Just seeing his profile in the light made my insides bleed.

“Get out.” My voice came out quieter than I meant it, so I tried it again, and this time it was like a low growl. “Get out.”

I’d caught him off guard and he spun around to face me, sliding the phone into the front pocket of his jeans. “Charlie, let me explain.”

“You have
no
right to call me that,” I hissed.

He took a step towards me, and I recoiled like I’d been shot with a hollow point bullet.

“I didn’t know.” He shook his head. “I didn’t know you live here. I wouldn’t have…”

Rising from the sofa on shaky legs, I pointed towards the door. “Get the
fuck
out.”

My pulse was pounding in my neck and I could barely see the outline of his body now. My vision came and went with my equilibrium in its pocket.

I was grateful.

Seeing him up close would probably make me pass out again.

“Let me explain.” He stepped towards me again and I put the length of the sofa between us.

My knees threatened to buckle and I gripped onto the back of my armchair. I would hold myself up if my life depended on it.

“Explain what?” I snapped. My voice had reached a pitch so high I didn’t even recognize it.

He held his hands out in surrender, taking caution at my tone and stopping his pursuit. “You need to let me explain why I left. You owe me that.”

I scoffed.

I owed him shit.

I could hear everything like I was underwater. The way my heart beat like the echo of a foot drum. The way my eyes closed like the white noise of an old television set. The erratic way air pushed out of my lungs like the extinguishing of a fire.

I could hear it all.

“I will call the police if you don’t leave right now!” I shouted at him.

He took a step towards me and then stopped again, sizing up my intentions.

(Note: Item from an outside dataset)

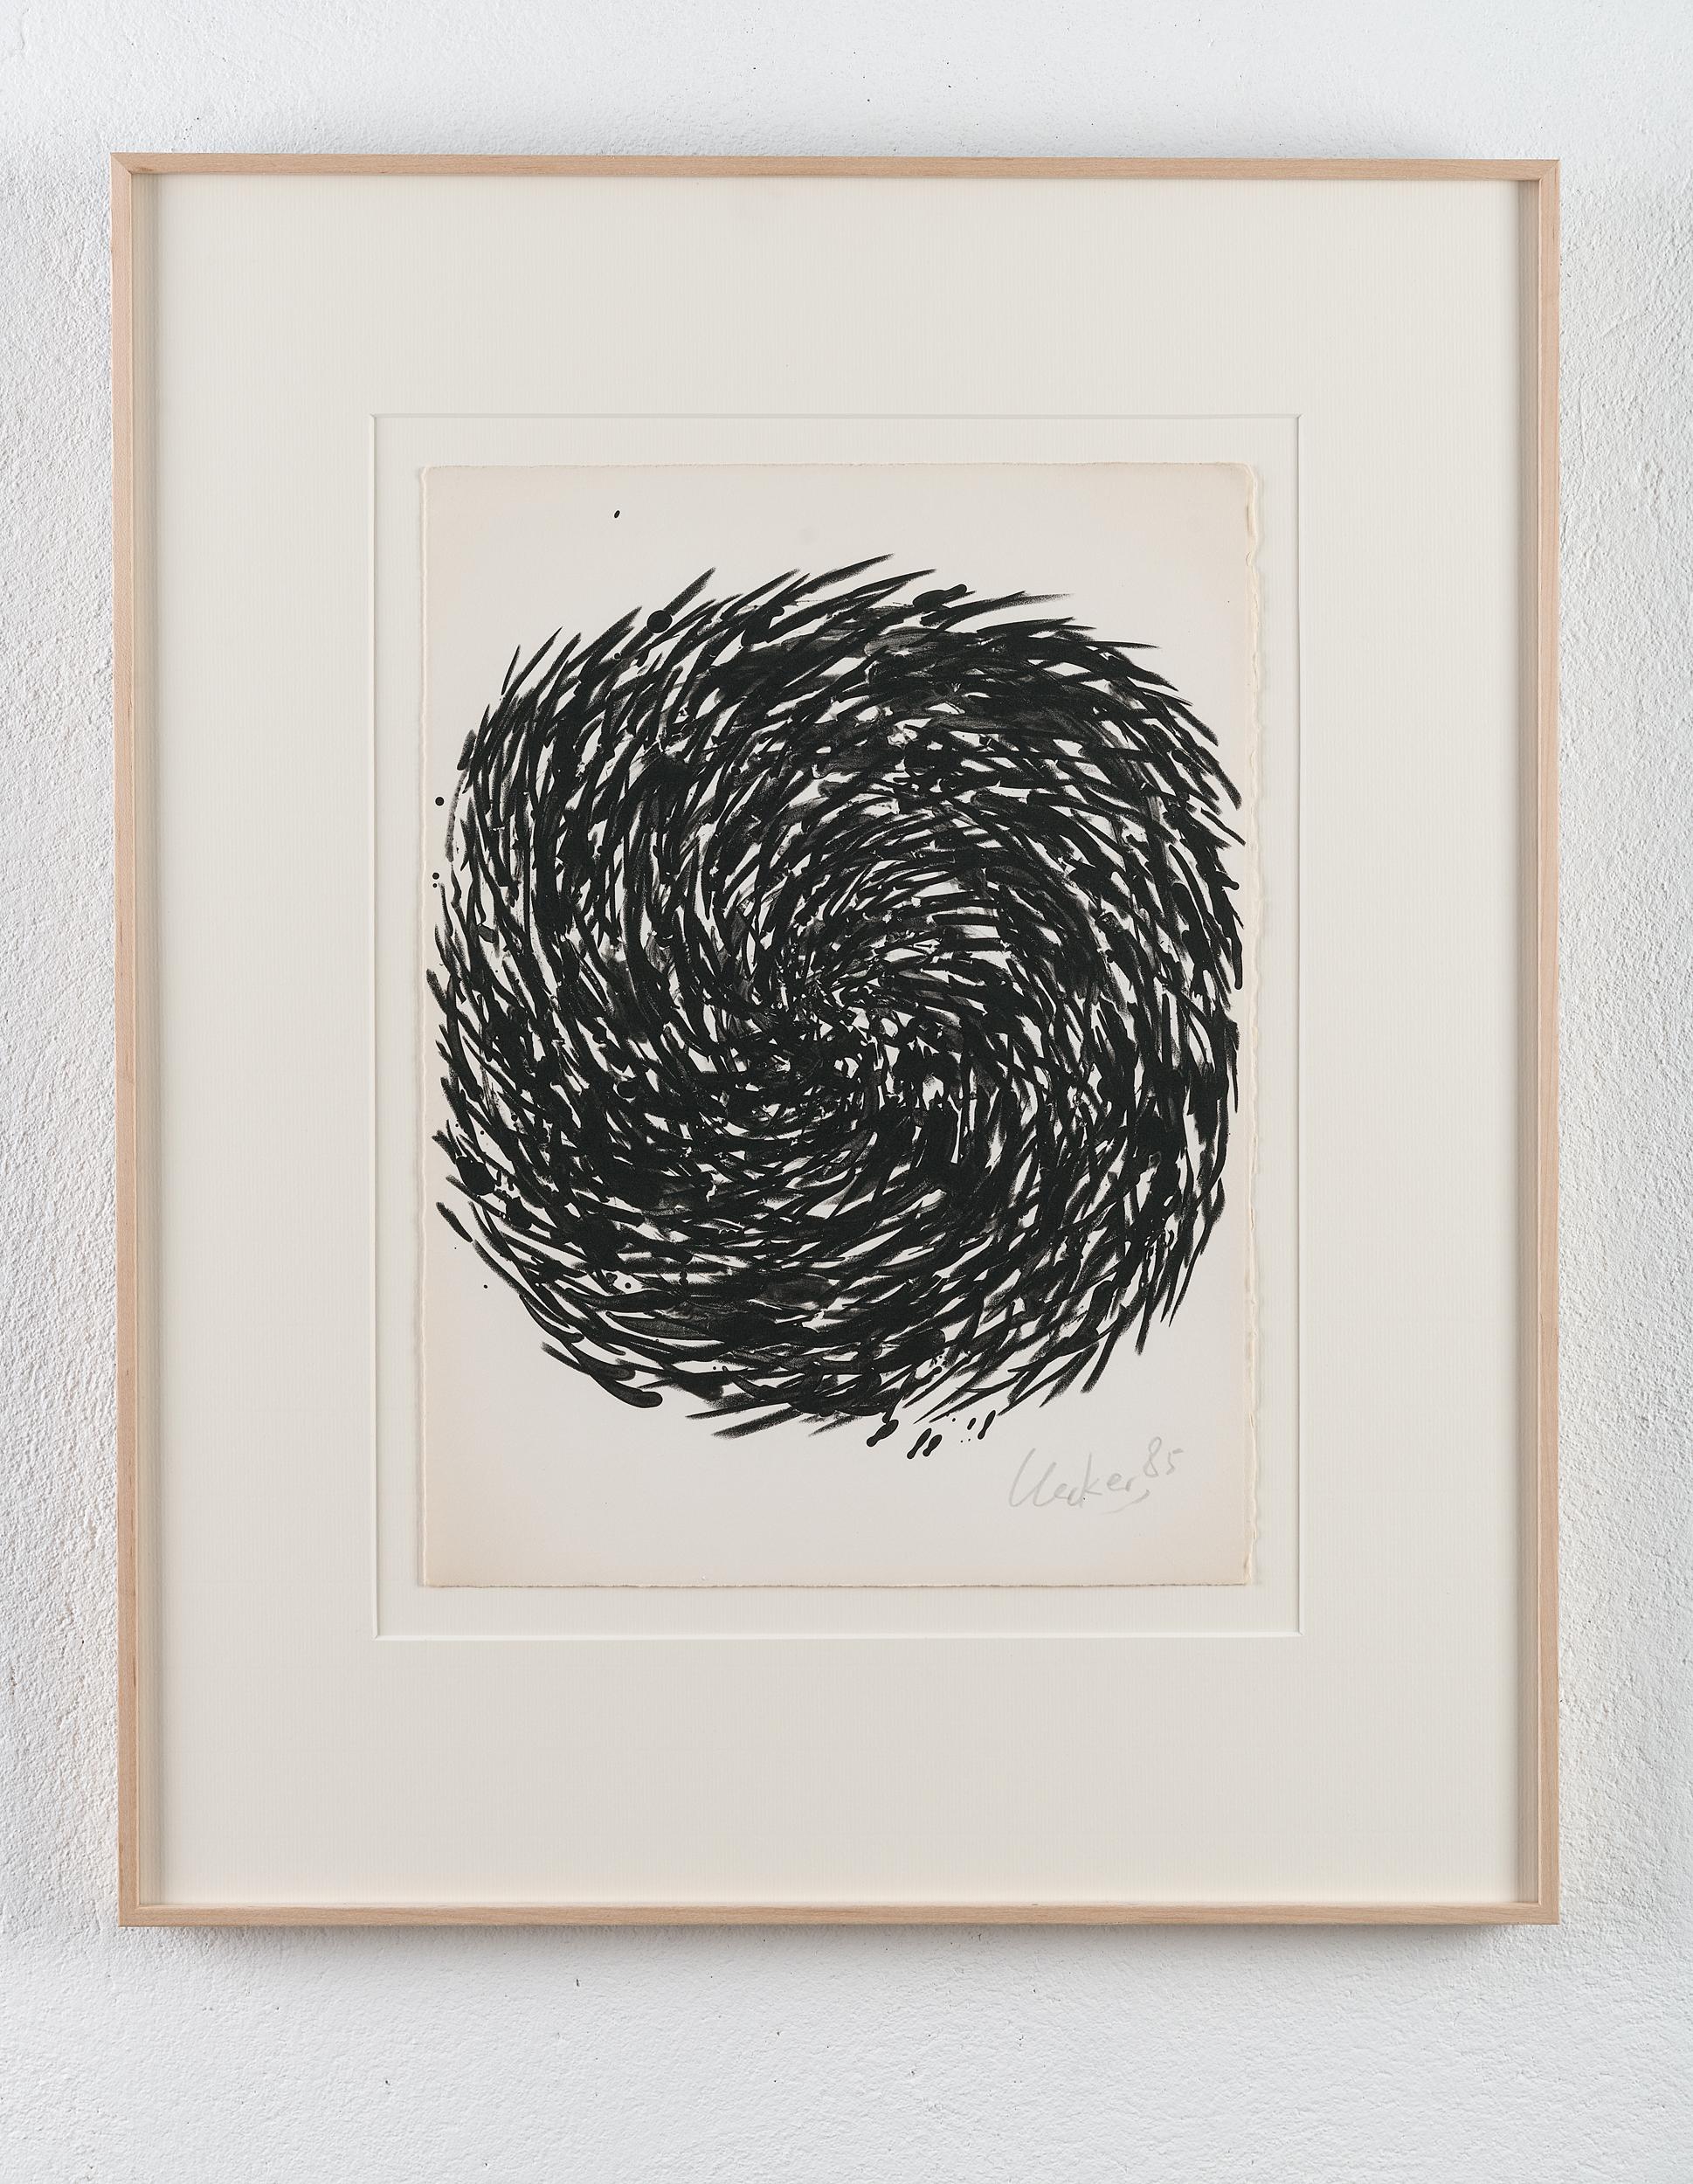 Minimalist Günther Uecker Spiral, Original Lithograph, Signed and Numbered

I looked at my purse on the ground.

He looked at me.

I looked at him.

He looked at my purse on the ground.

I ran and so did he.

Tripping over my own feet, I dove. My fingers reached the straps of my purse first, but before I could grab my phone, he hauled me upwards by the armpits.

The skin under where his hands touched burned through my sweater and I screamed, “I hate you!”

I did.

I hated him so much.

“Charlie, please,” he begged, but I fought him like a woman possessed.

I elbowed him and hit him like a woman scorned.

His arms wrapped around mine from behind, securing them like a vice to my sides, so I kicked hard and connected with his shin.

He cursed.

I didn’t let up. I shook and flailed as years of suppression ignited in my veins.

Oh, how the wounded did burn.

He moved us, pushing my front up against the wall, so close my forehead touched it and I was trapped. Breathing so hard against the drywall that my lungs burned.

“You’re going to hurt yourself,” he scolded, and I bucked aggressively. “Jesus. Stop it.”

His body was bigger than mine, like it had been back then, and he didn’t move.

“Get. Out,” I demanded.

“We need to talk.”

I laughed and it was bitter.

So ugly, even I winced.

“Charlie.” He changed tactics abruptly. “I’ve missed you.”